Wichtig dabei ist auch der Ort mit all seinen Gegebenheiten und Eigenschaften. Ein Hotel inmitten der Dolomi­ten mit beeindruckender Naturkulisse und weitem Blick auf Berge und Täler. Drumherum ein Pool mit Tauch­becken zur Erfrischung nach dem Saunagang, eine Seenlandschaft mit Floß zum genießen. Ein perfekter Ort um die Seele baumeln zu lassen.
 
Basierend auf diesen Umständen und in Symbiose mit den räumlichen Gegebenheiten, wird die baumelnde Seele in einer Lichtinstallation im Eingangsbereich des Wellness-Hotels verkörpert. Sie dient als Schnittstelle zwischen Alt- und Neubau, zwischen Innen und Außen. Gleichermaßen als Einladung zum Eintreten und Betrachten so wie zur Beleuchtung des Raumes.

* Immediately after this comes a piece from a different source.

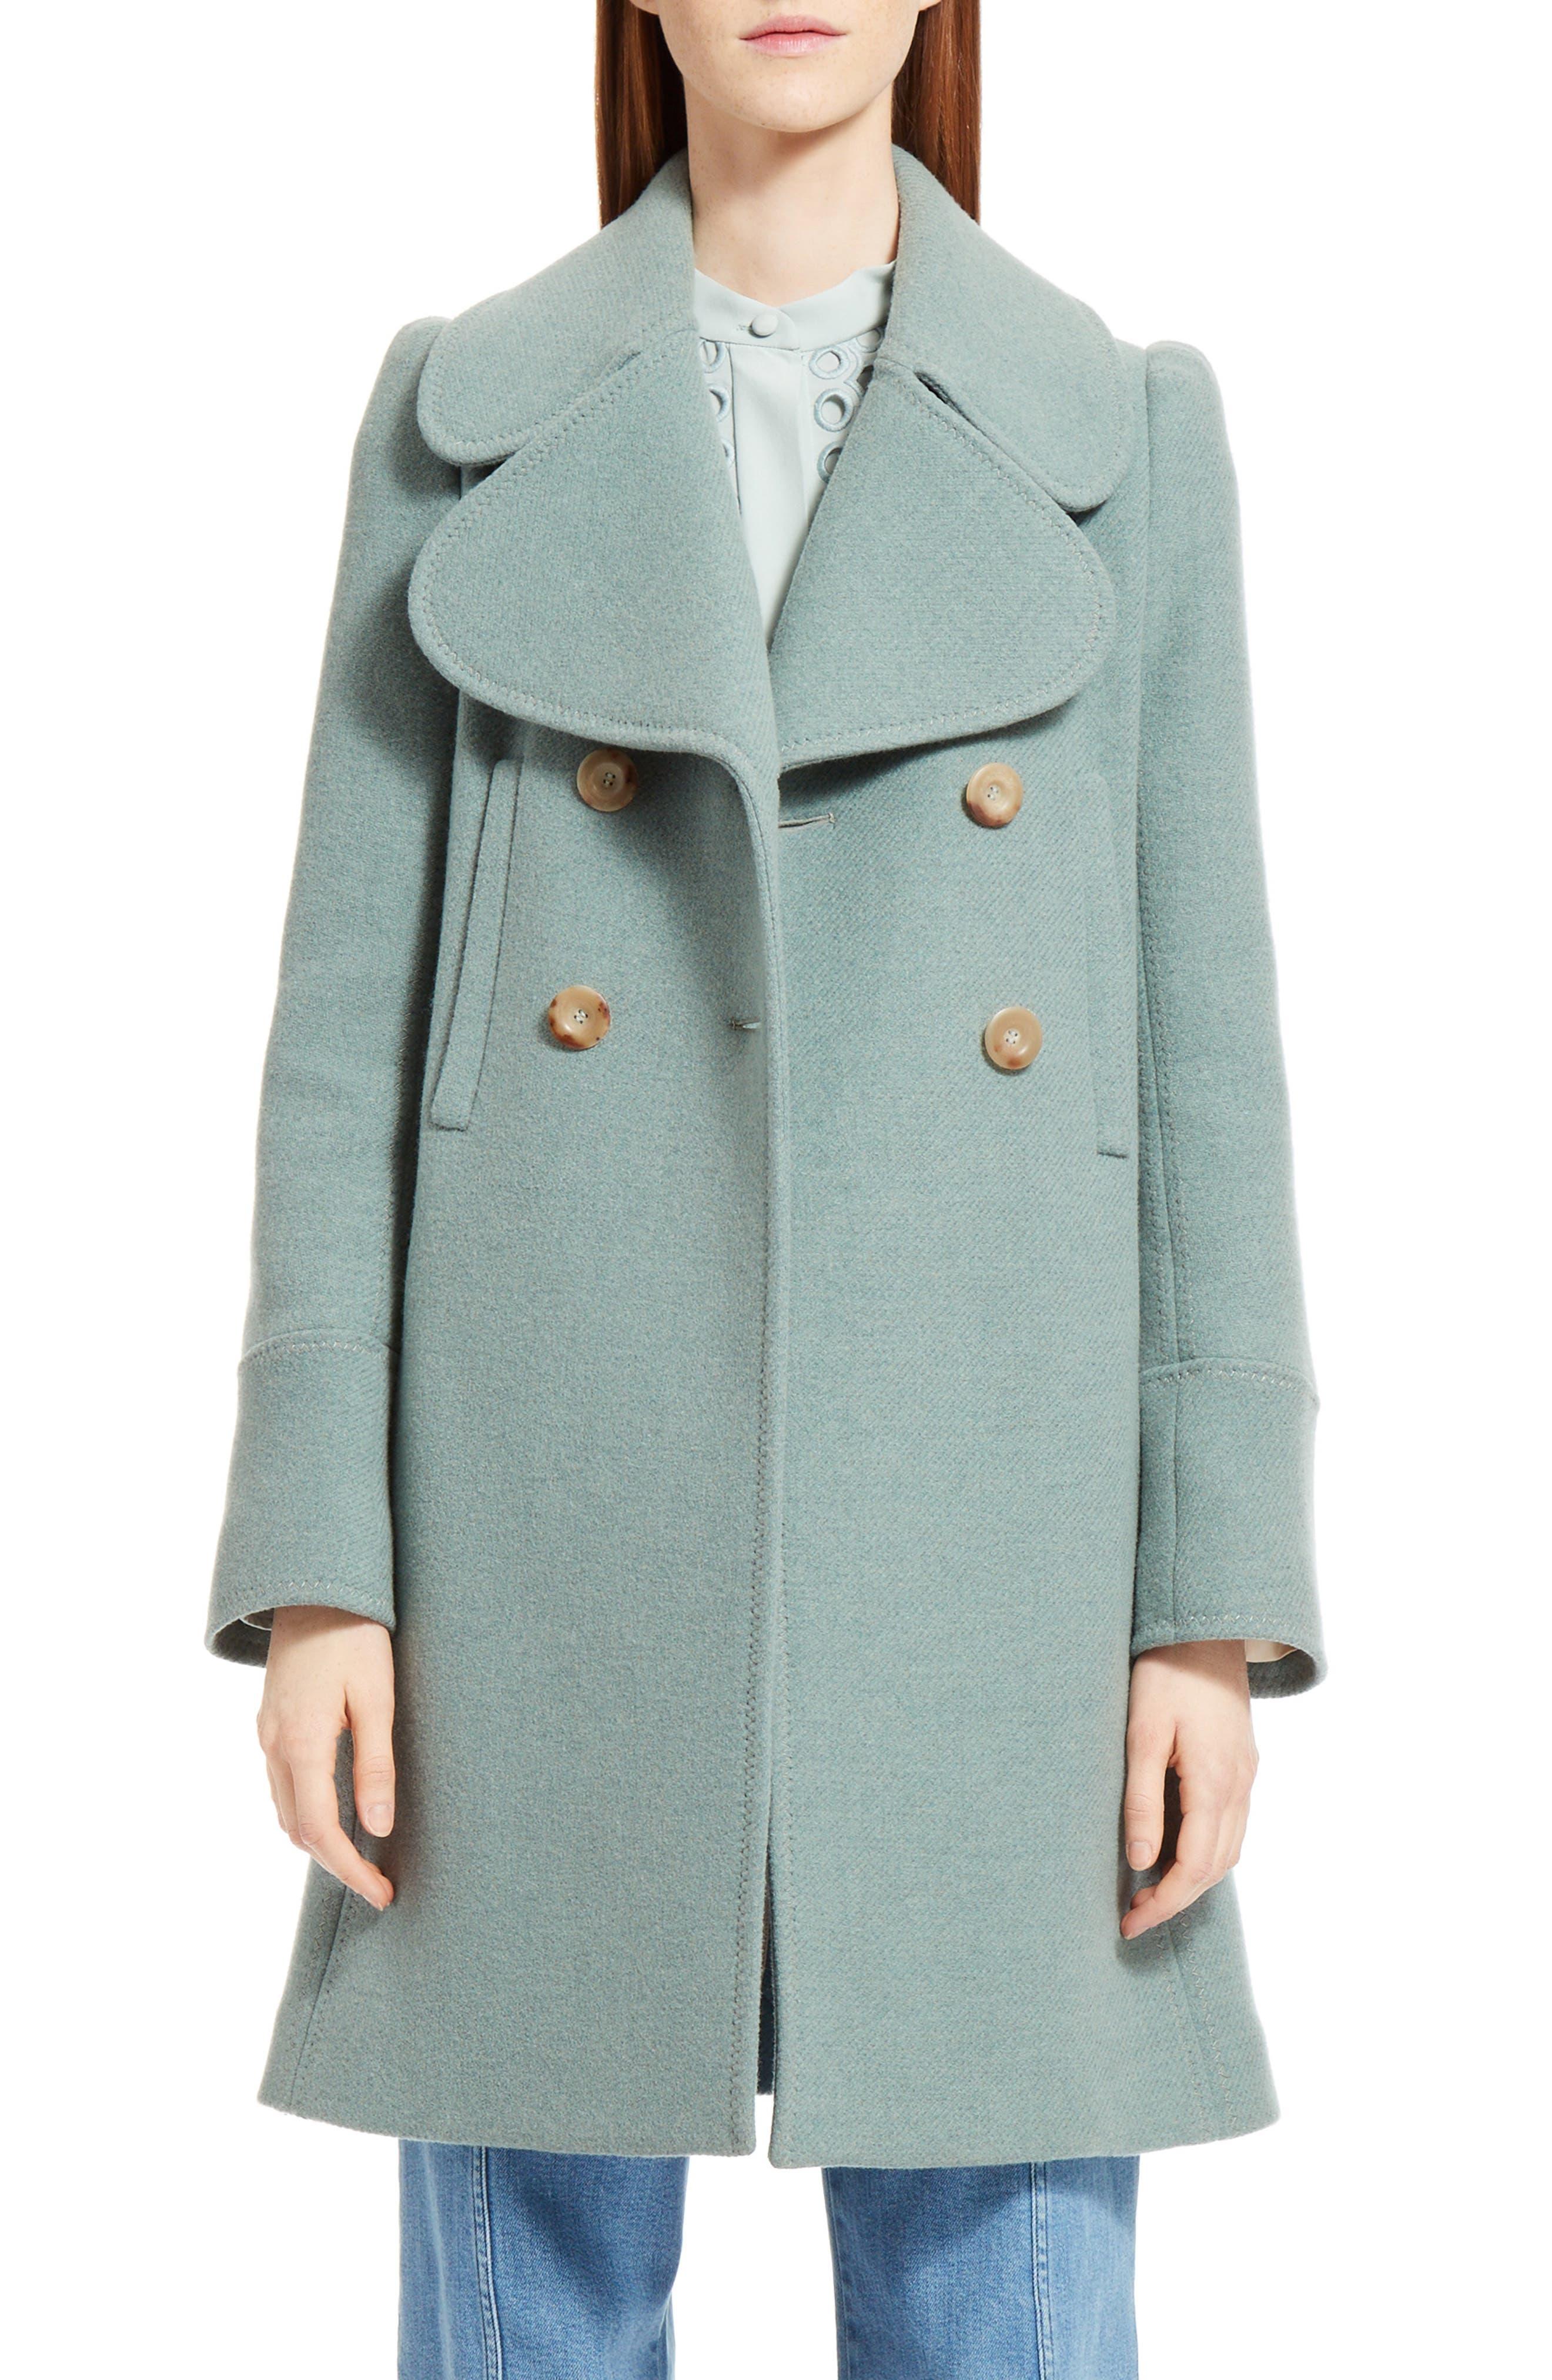 Chloé Iconic Wool Blend Coat

...jetzt flieg schon, flieg!
(Jakob Mauerer)
Die Installation besteht aus 40 aufgehängten Glaselementen in tropfen–ähnlicher Form. Sie sind mit Wasser ge­füllt um das eintreffende Licht zu verstärken und den ganzen Raum mit Refrakturen und Reflexionen zu bespie­len. Im Gesamtbild erinnert die Installation in ihrer leichten und geisterhaften Erscheinung an Traumfänger.
 
Dank der verglasten Fassade dient während des Tages die Sonne als Lichtquelle. Das Sonnenlicht wird in seine Spektralfarben gespalten und liefert durch Dispersion regenbogenartige Farberscheinungen an Wand und Boden. Nachts sorgen Glühbirnen für den gleichen Effekt und die Beleuchtung des Raumes.
 
Die Glaselemente sind paarweise an 4mm Reebschnur aufgehängt und werden durch Alustangen auf Distanz gehalten. Dieser Balanceakt ist als Metapher für das Suchen nach dem Gleichgewicht der Seele zu verstehen.
 
Außerdem sorgt diese nicht-statische Art der Aufhängung für ein sanftes Baumeln der Glaselemente und dadurch für eine sachte Bewegung des Wassers innerhalb des Glases. Dadurch wird wiederum das Lichtspiel an Wand und Boden in ständiger Bewegung gehalten.
 
Die spezielle Form der Glaselemente ist ausschlaggebend für das Konzept der baumelnden Seele. Zunächst trop­fenähnlich, greifen sie das Wasser als allgemeines Grundelement und wichtigen Bestandteil eines SPAs auf. Alle Elemente sind mundgeblasen und variieren dadurch in Materialstärke, Größe und Gewicht. Gleich wie Wasser­tropfen, hat somit auch ein jedes Glaselement seine einzigartige Form.
 
Noch prägnanter wirkt sich allerdings der Prozess des Glasblasens selbst auf die Formgebung aus. So wurden die Glaselemente nicht nach Gutdünken zu einem Tropfen modelliert, sondern in heißem Zustand mit Absicht an einen großen Felsbrocken gedrückt und geblasen. Der Felsbrocken entstammt den Dolomiten, der natürlichen Umgebung des Valentinerhofes. Er steht metaphorisch für die Seele Südtirols, welche nach eigener Einschätzung sehr gut an den gewaltigen Bergmassiven und ihrer natürlichen Immanenz festzumachen sein könnte.
 
Die somit entstandenen Negativ-Abdrücke des Steines erhöhen zum einen die Diversität der Materialstärke und damit die der Lichtbrechung; zum anderen stellen sie im Rückschluss wieder Bezug zum Felsbrocken her und lassen die Seele Südtirols in der Luft schwebend erahnen. Sie bleibt jedoch genau wie die menschliche Seele we­der greif- noch sichtbar. Am Ende ist die Installation keine Lampe, sondern erleuchtet als Installation von Innen heraus sowohl Raum als auch Betrachter.